— DATA FOR THIS EXERCISE —
+++++

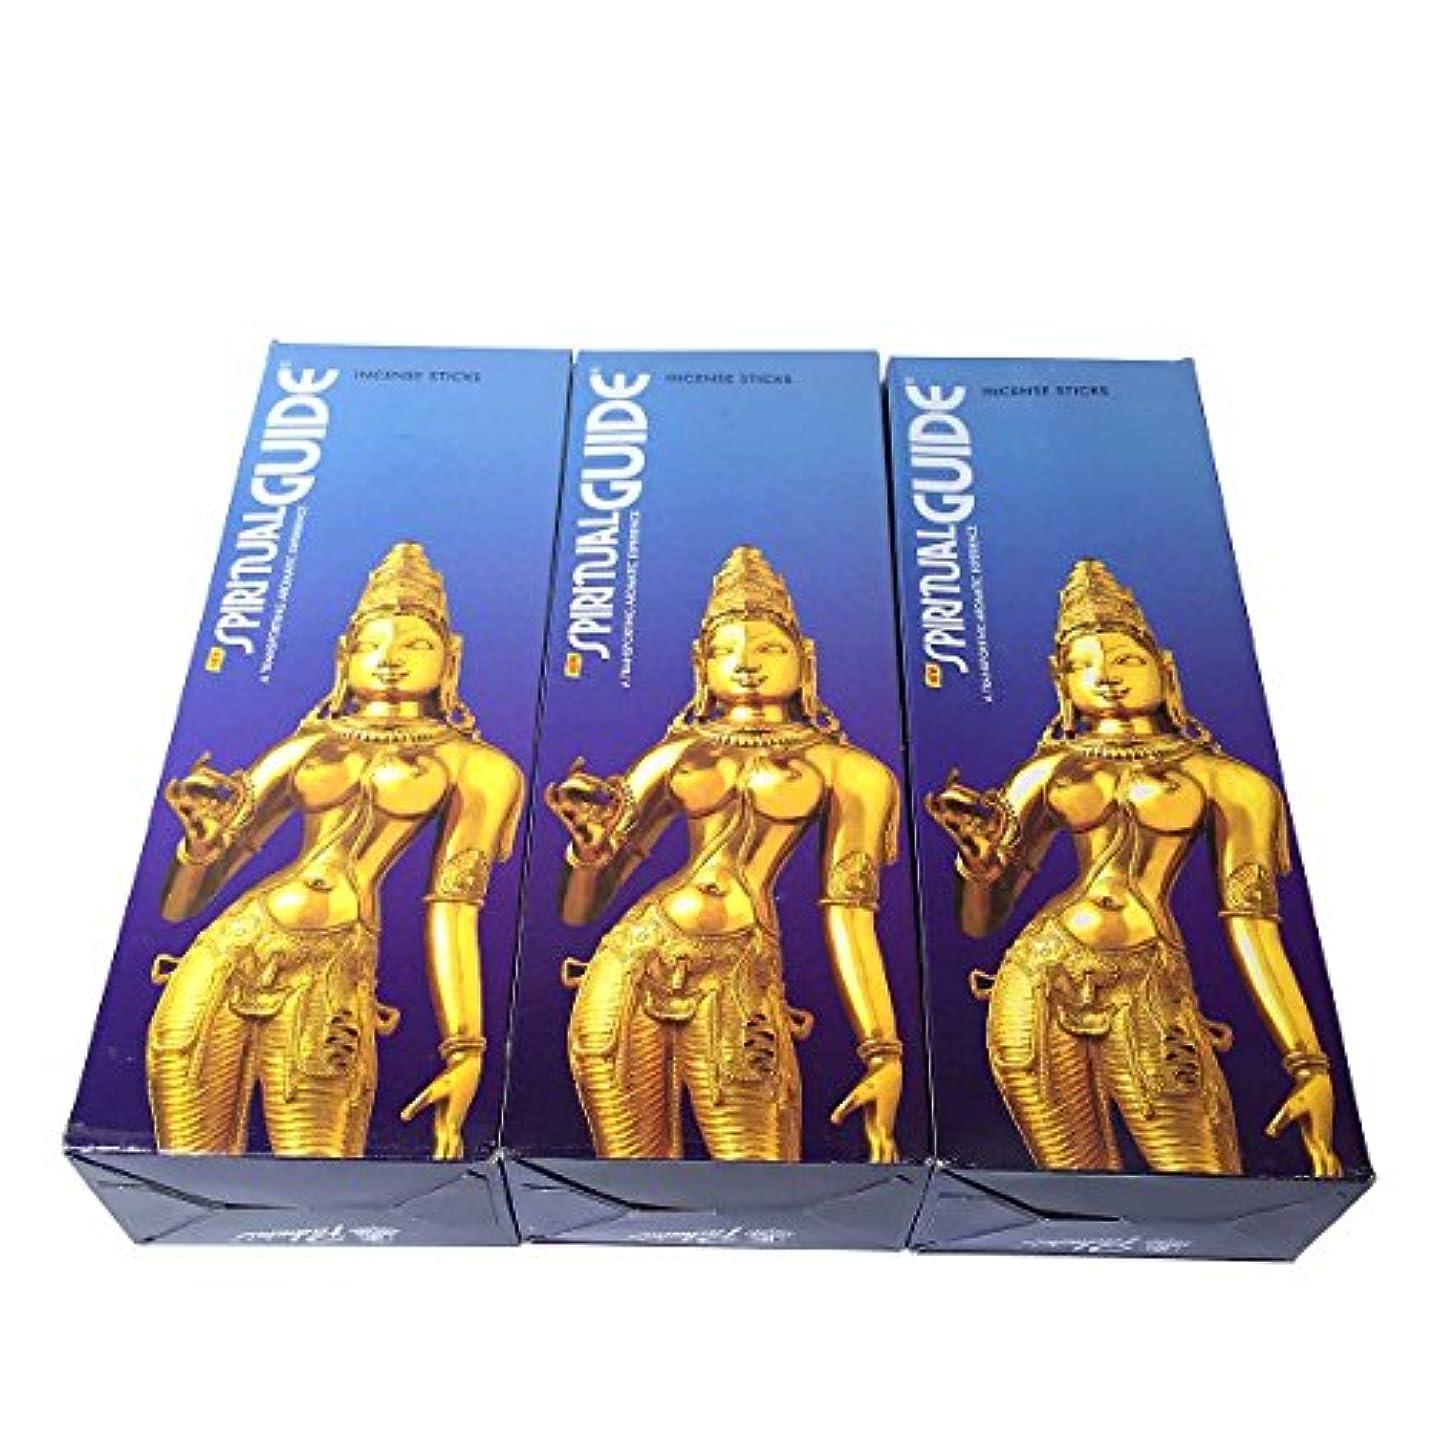 スピリチュアルガイド香スティック 3BOX(18箱) /PADMINI SPIRITUALGUIDE/インセンス/インド香 お香 [並行輸入品]
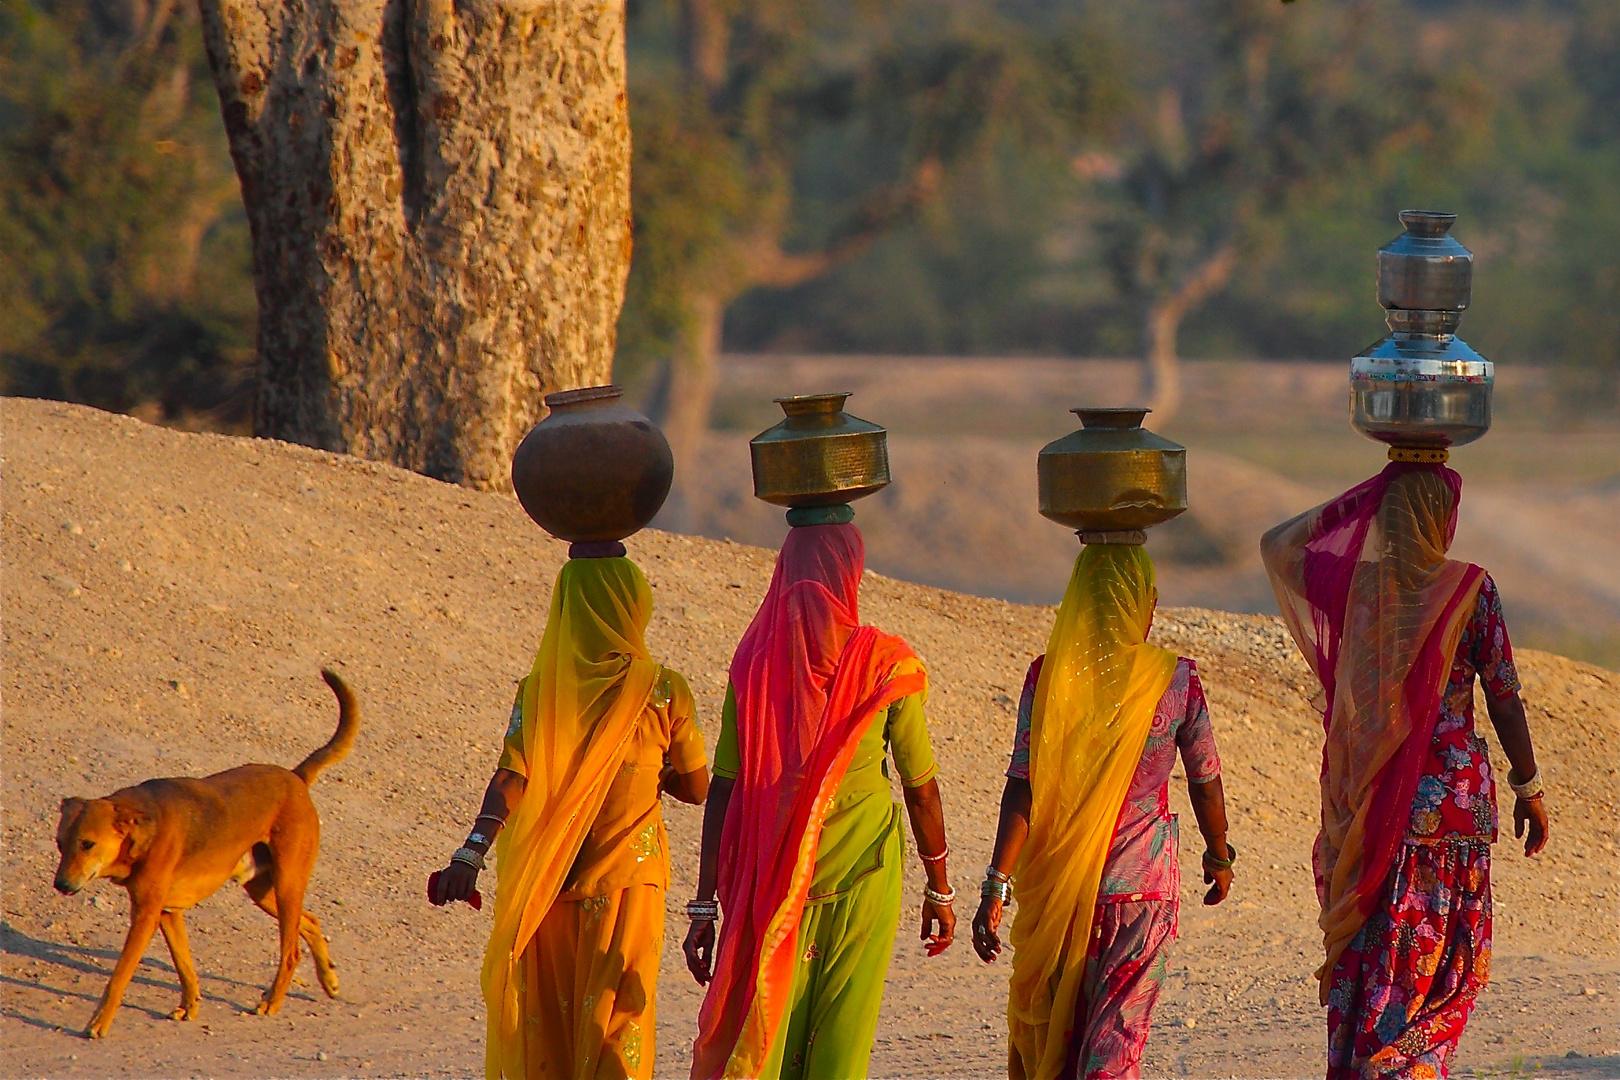 Elégance des villageoises du Rajasthan.
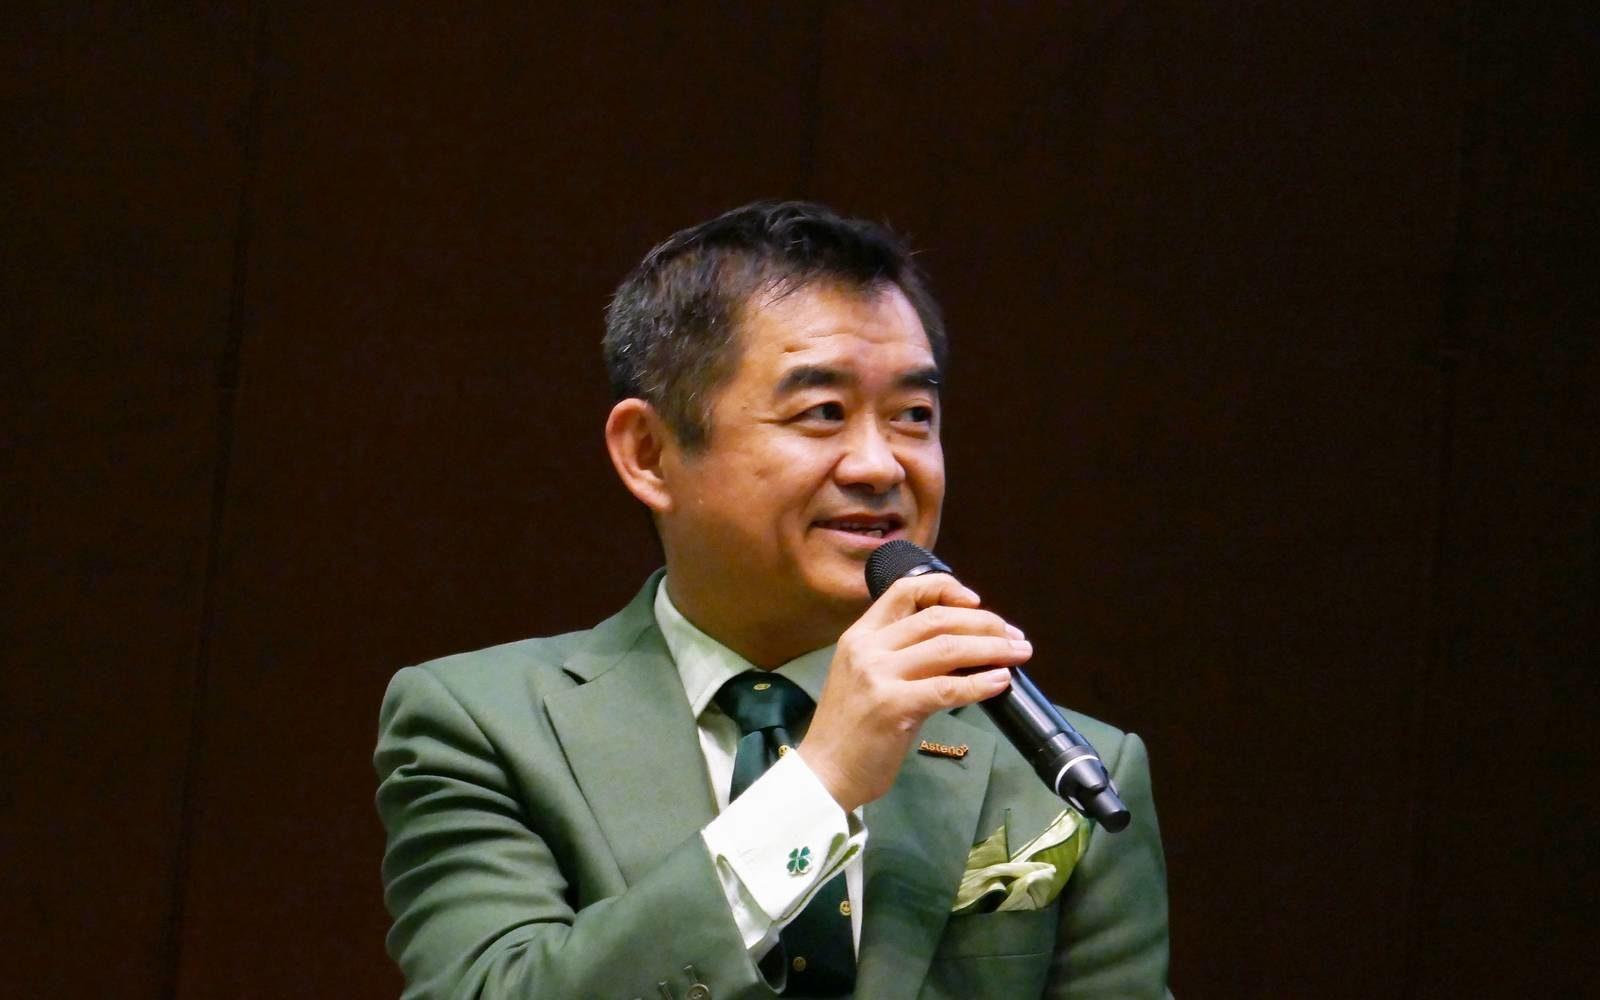 平野 洋一郎氏 BCCC代表理事 兼 アステリア株式会社 代表取締役社長/CEO
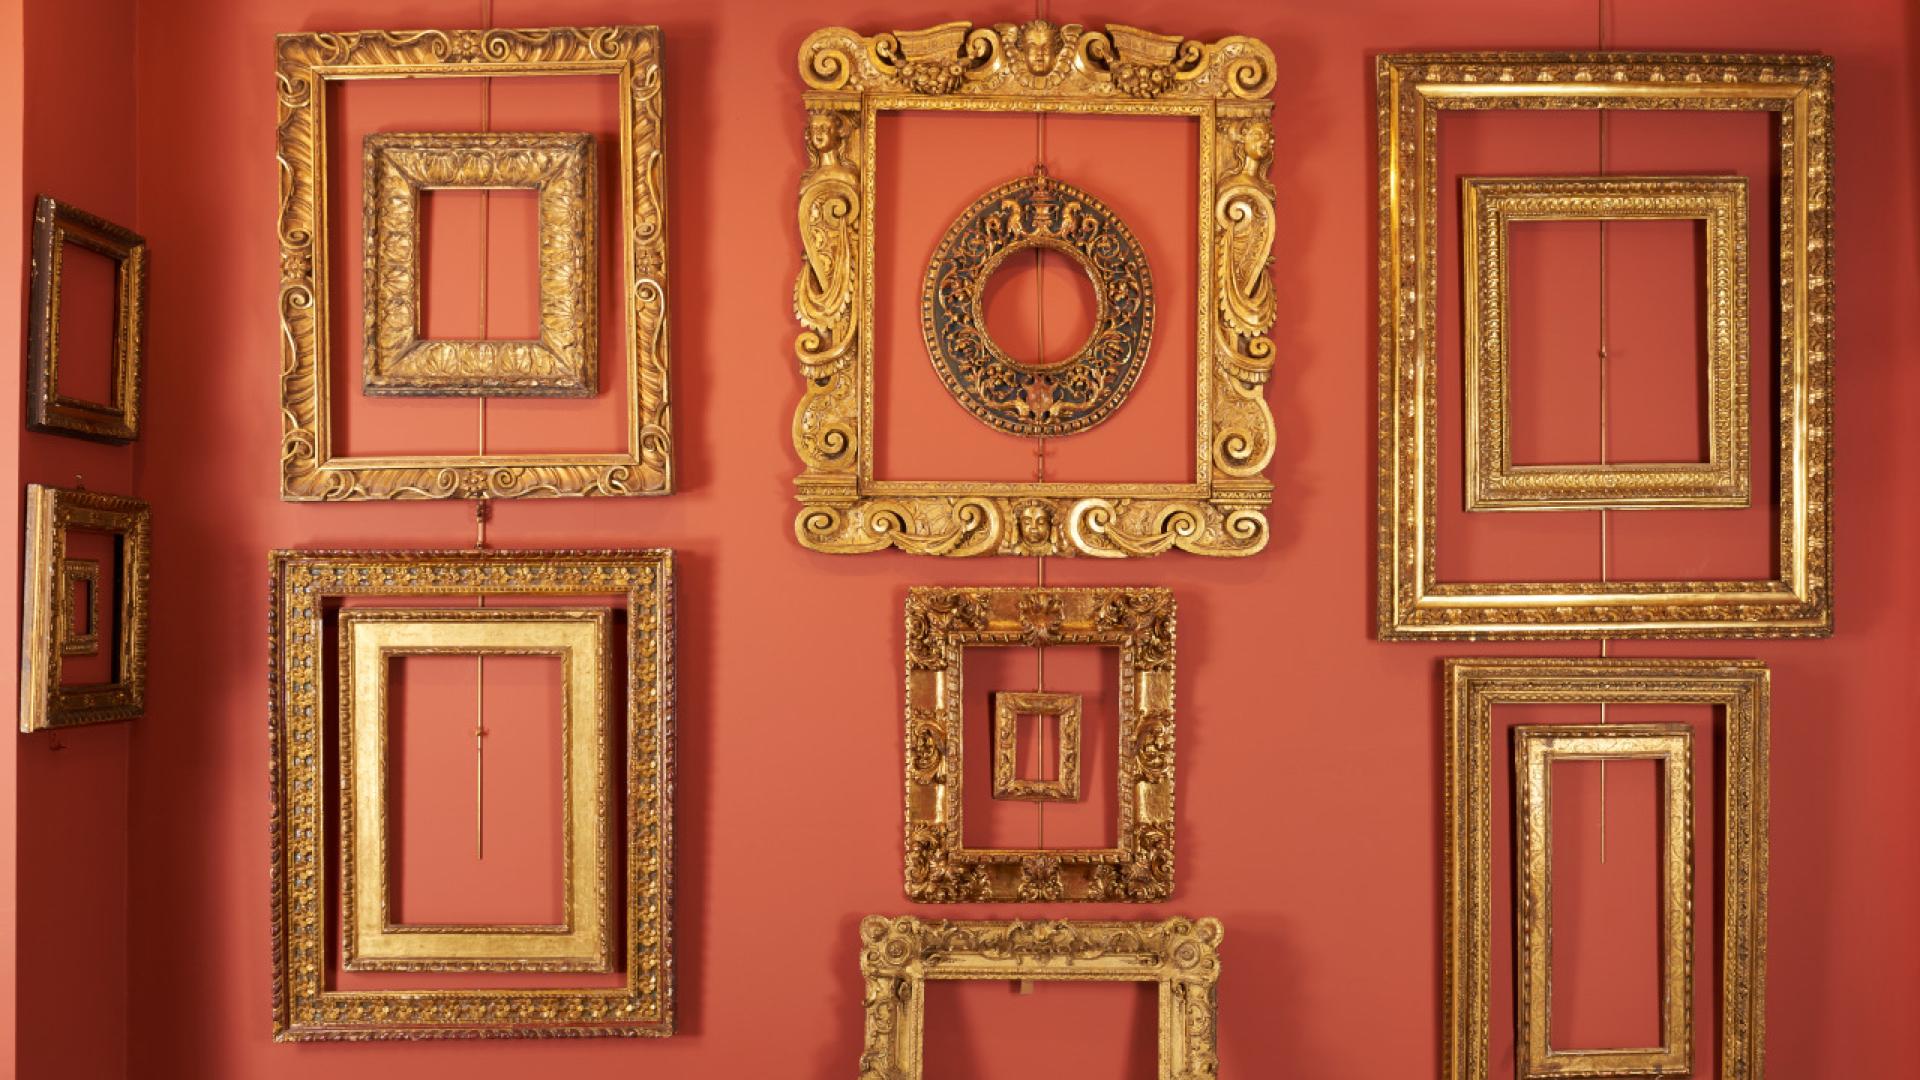 galleryslides.002.jpeg
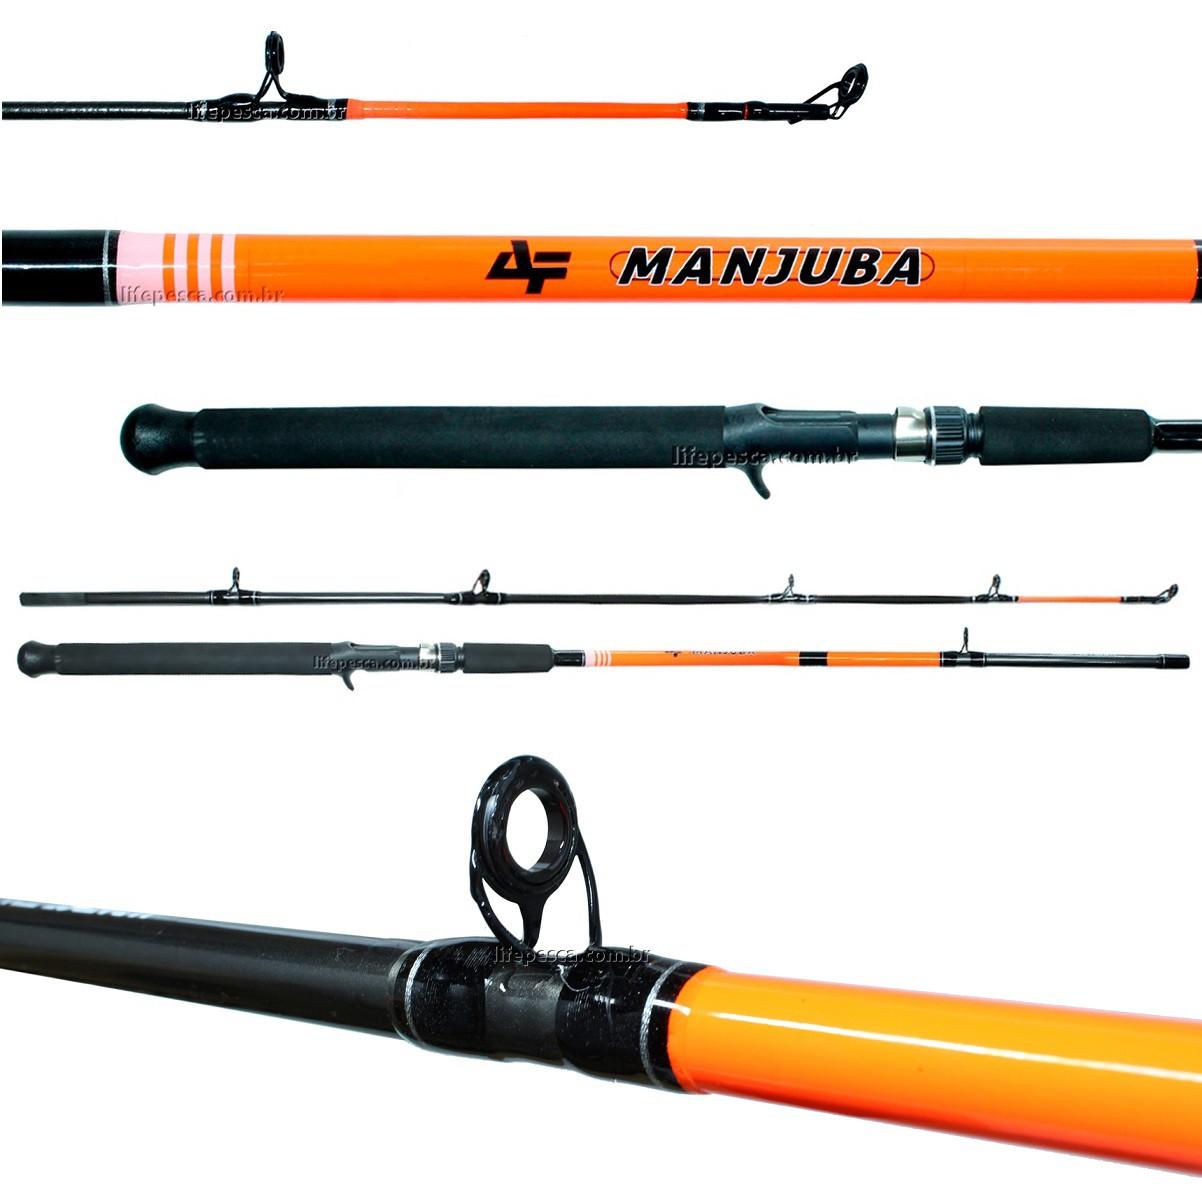 Vara Para Carretilha Albatroz Fishing Manjuba 9 0 (2,70m) 15-30Lbs - C2702 - 2 Partes  - Life Pesca - Sua loja de Pesca, Camping e Lazer

+++++

In your answer, set down the full listing word for word and include no pictures.

— OUTPUT BELOW —
 スピリチュアルガイド香スティック 3BOX(18箱) /PADMINI SPIRITUALGUIDE/インセンス/インド香 お香 [並行輸入品]
 Elégance des villageoises du Rajasthan.
 平野 洋一郎氏 BCCC代表理事 兼 アステリア株式会社 代表取締役社長/CEO
 galleryslides.002.jpeg
 Vara Para Carretilha Albatroz Fishing Manjuba 9 0 (2,70m) 15-30Lbs - C2702 - 2 Partes  - Life Pesca - Sua loja de Pesca, Camping e Lazer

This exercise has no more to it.